# WHAT YOU WILL DO
Copy out each line below verbatim, skipping any picture.

# DATA EXTRACT
════

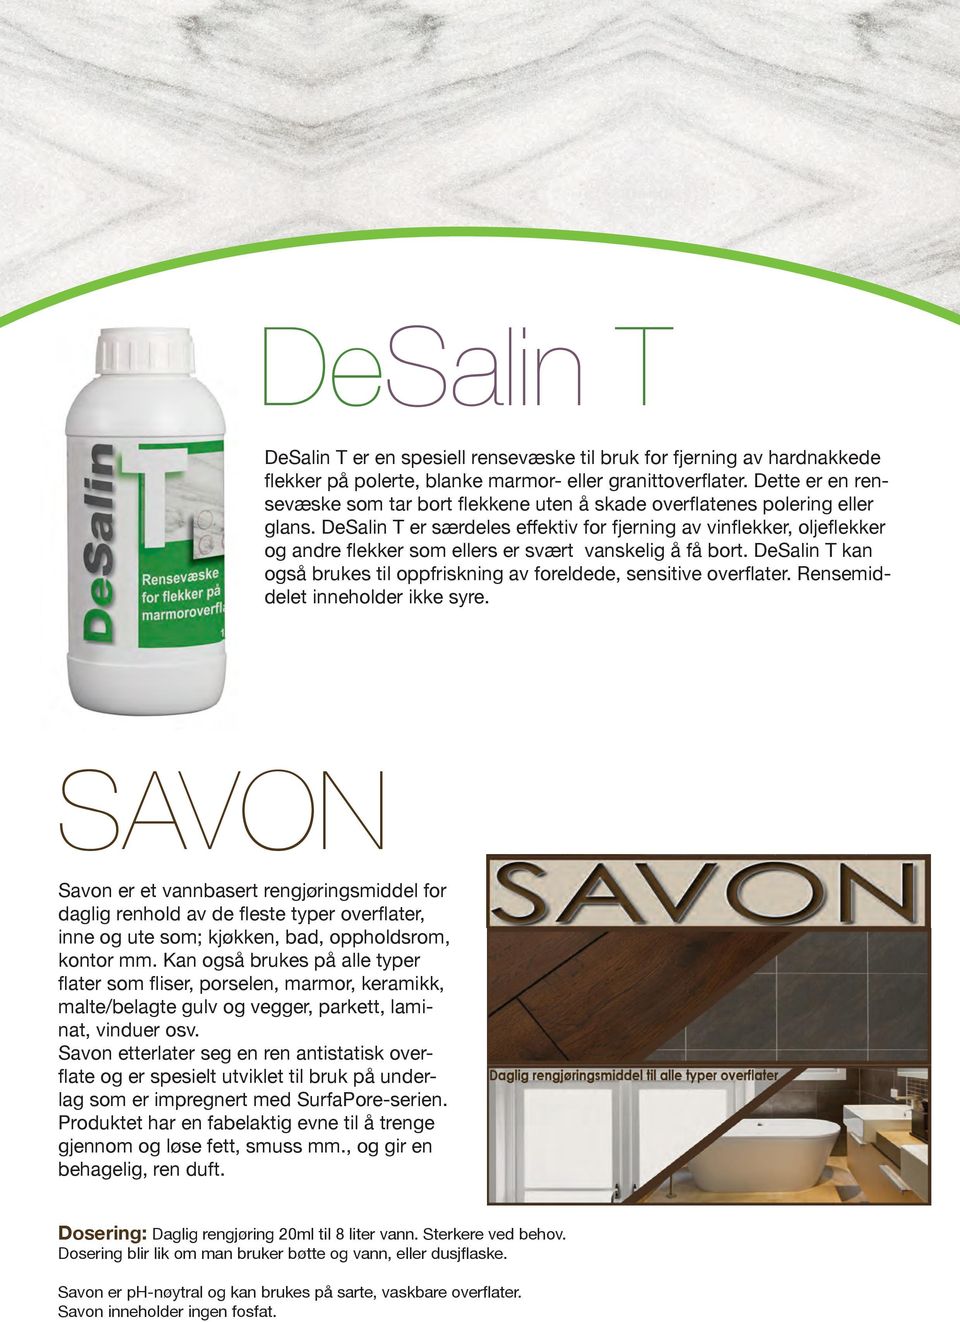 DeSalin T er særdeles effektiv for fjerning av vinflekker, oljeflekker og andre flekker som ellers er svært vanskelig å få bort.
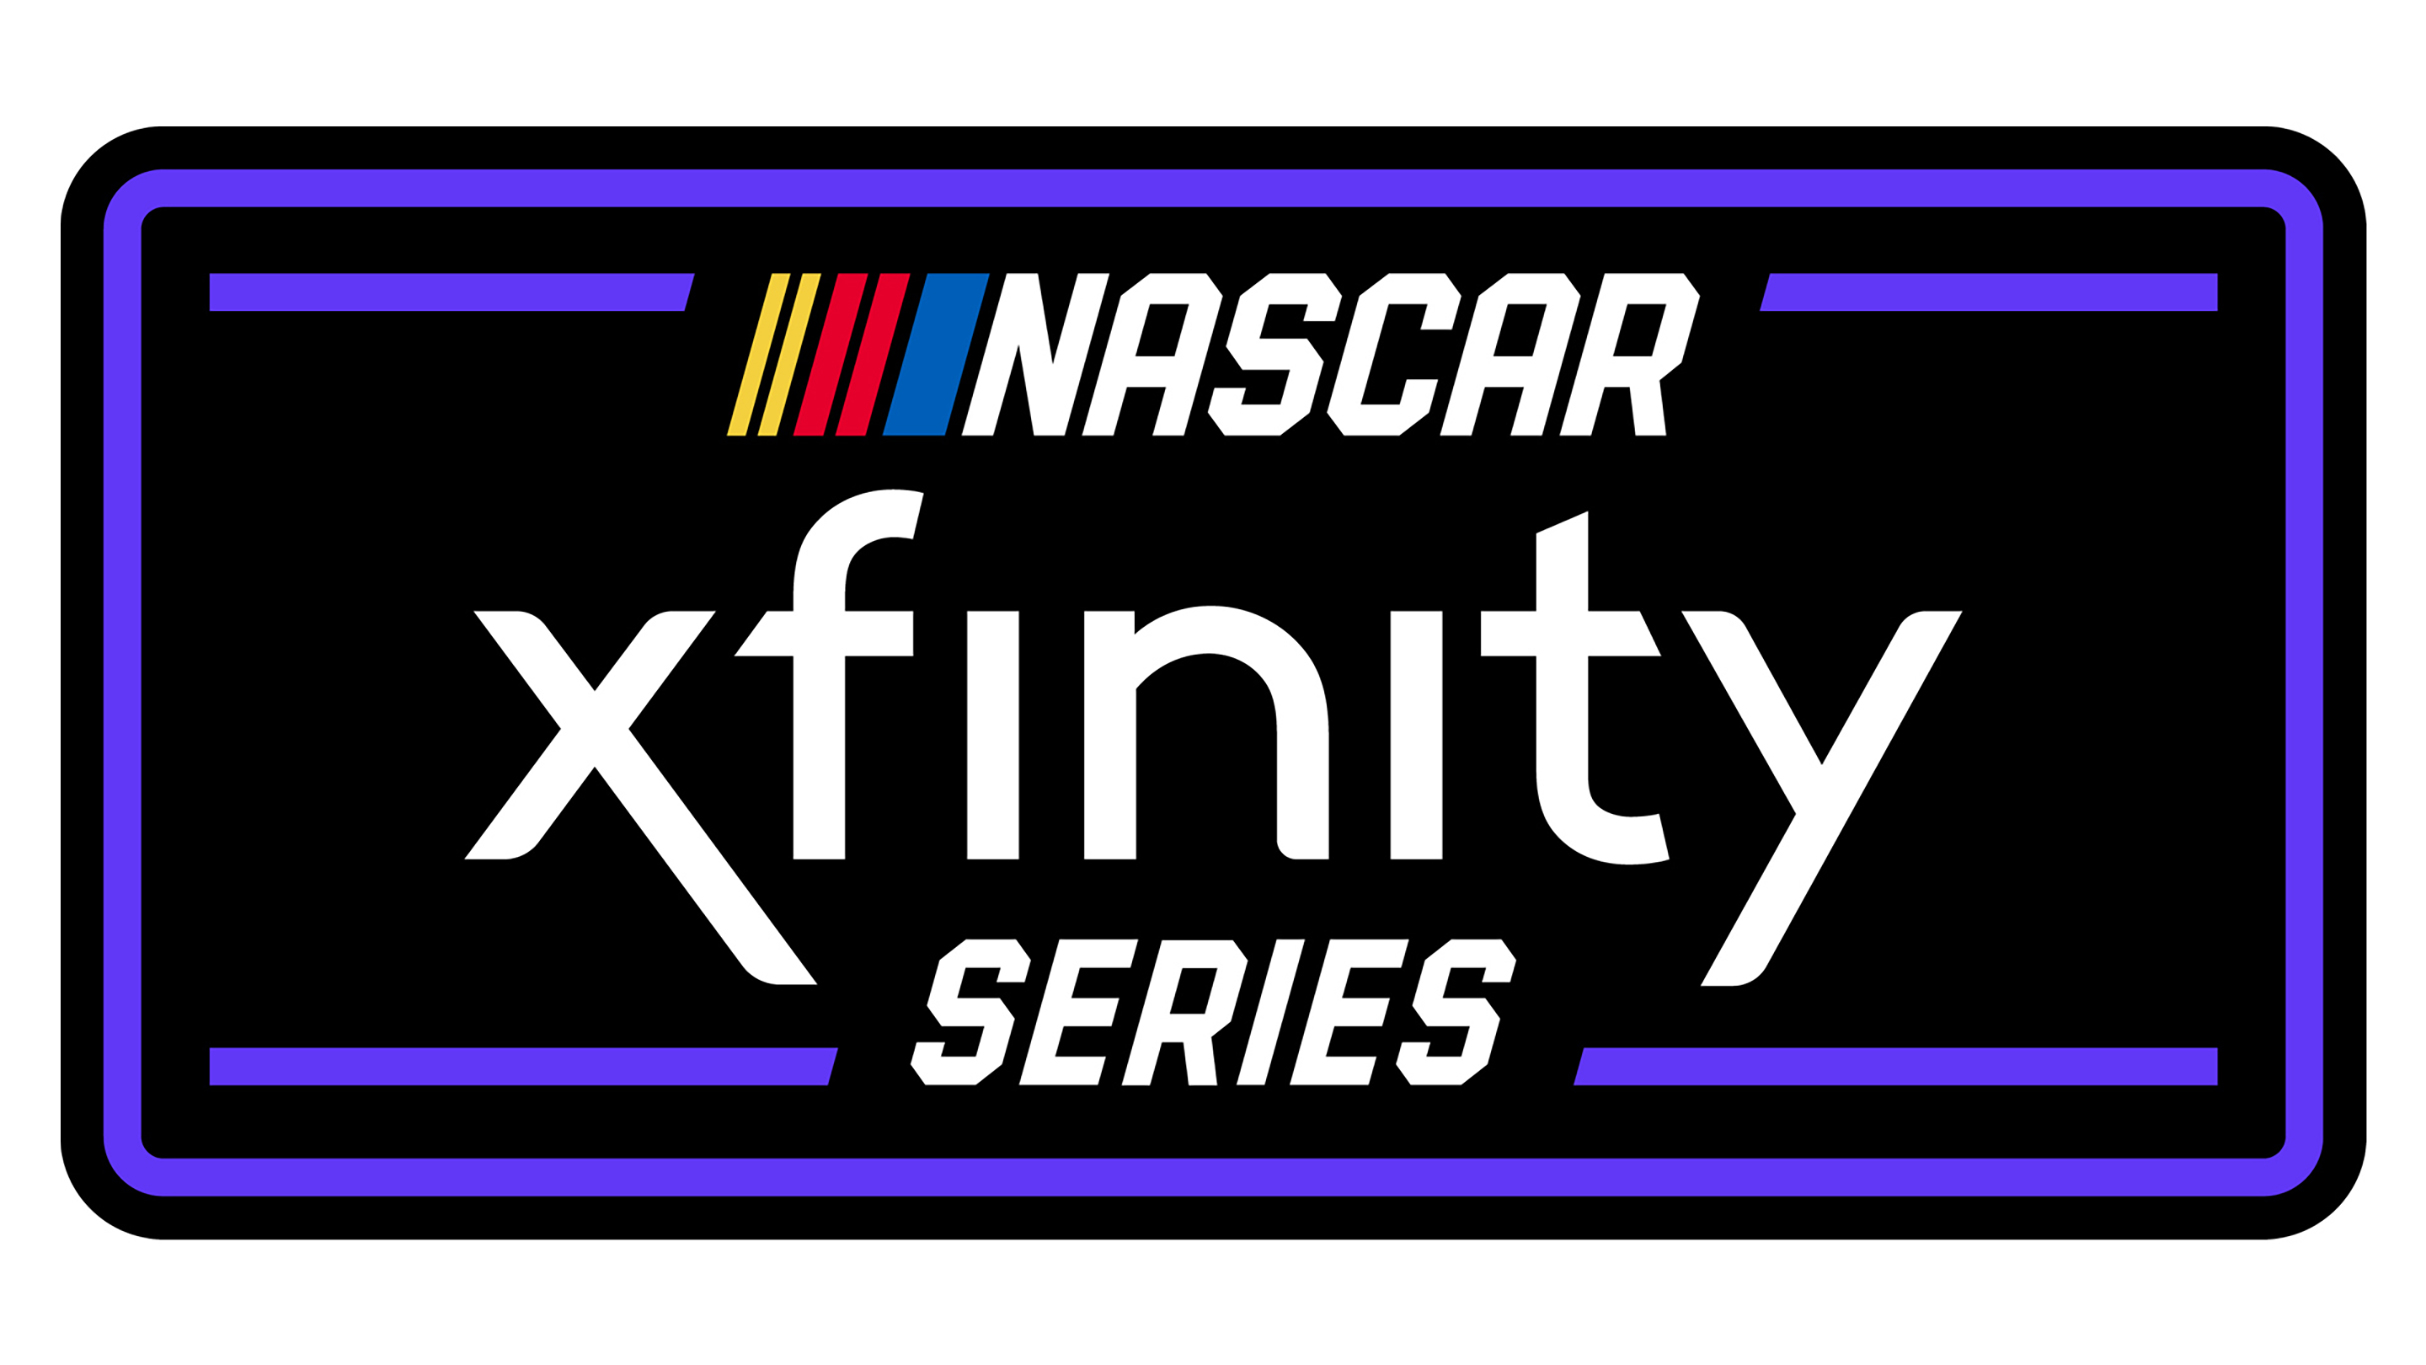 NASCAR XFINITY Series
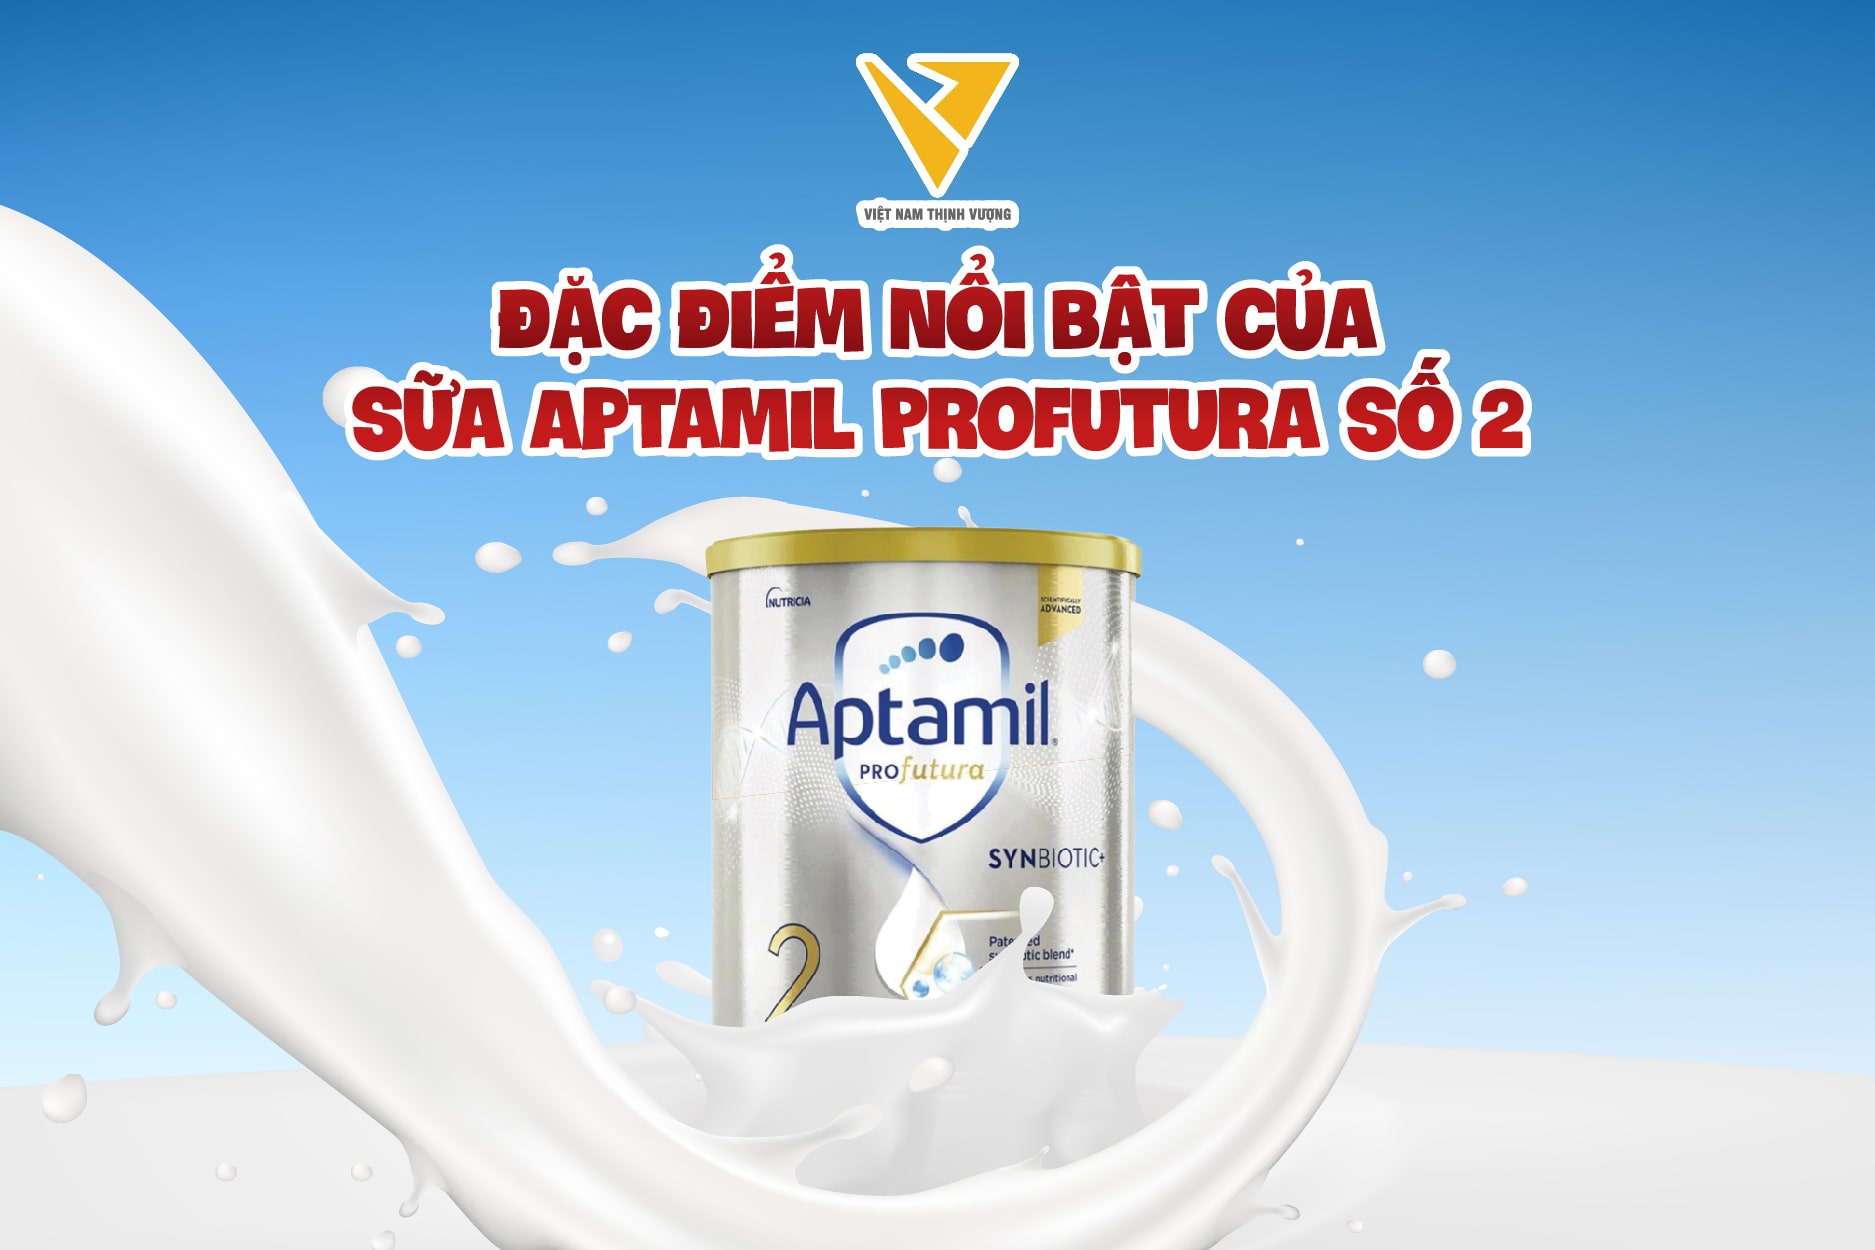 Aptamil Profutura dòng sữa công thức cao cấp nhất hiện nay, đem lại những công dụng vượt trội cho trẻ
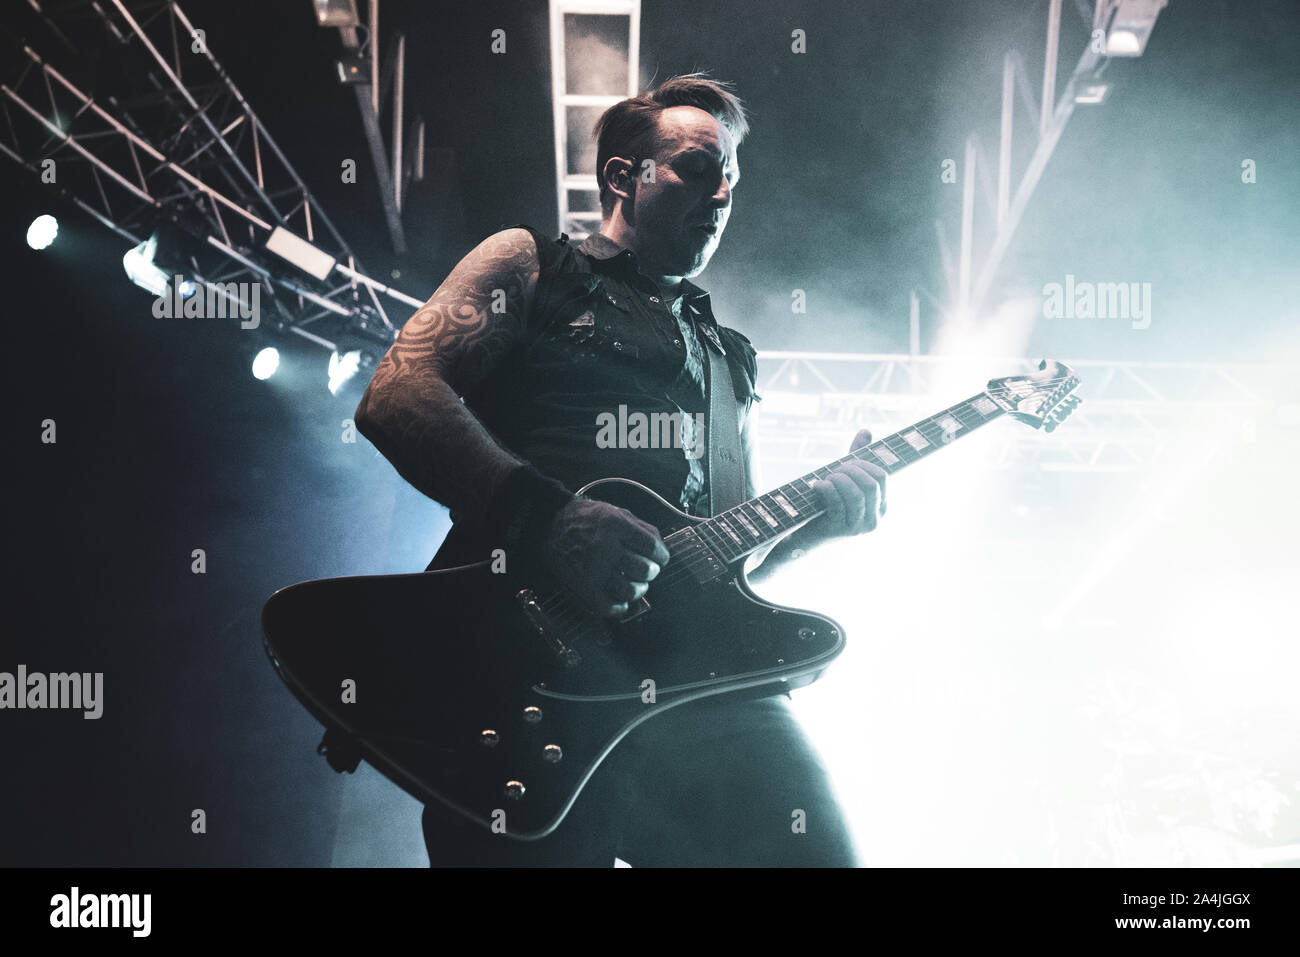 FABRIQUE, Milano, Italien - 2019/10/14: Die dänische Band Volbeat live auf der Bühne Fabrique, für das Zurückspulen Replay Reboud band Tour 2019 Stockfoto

════

# RESULT FOR THIS TASK
 DeSalin T er særdeles effektiv for fjerning av vinflekker, oljeflekker og andre flekker som ellers er svært vanskelig å få bort.
 NASCAR XFINITY Series
 Aptamil Profutura dòng sữa công thức cao cấp nhất hiện nay, đem lại những công dụng vượt trội cho trẻ
 FABRIQUE, Milano, Italien - 2019/10/14: Die dänische Band Volbeat live auf der Bühne Fabrique, für das Zurückspulen Replay Reboud band Tour 2019 Stockfoto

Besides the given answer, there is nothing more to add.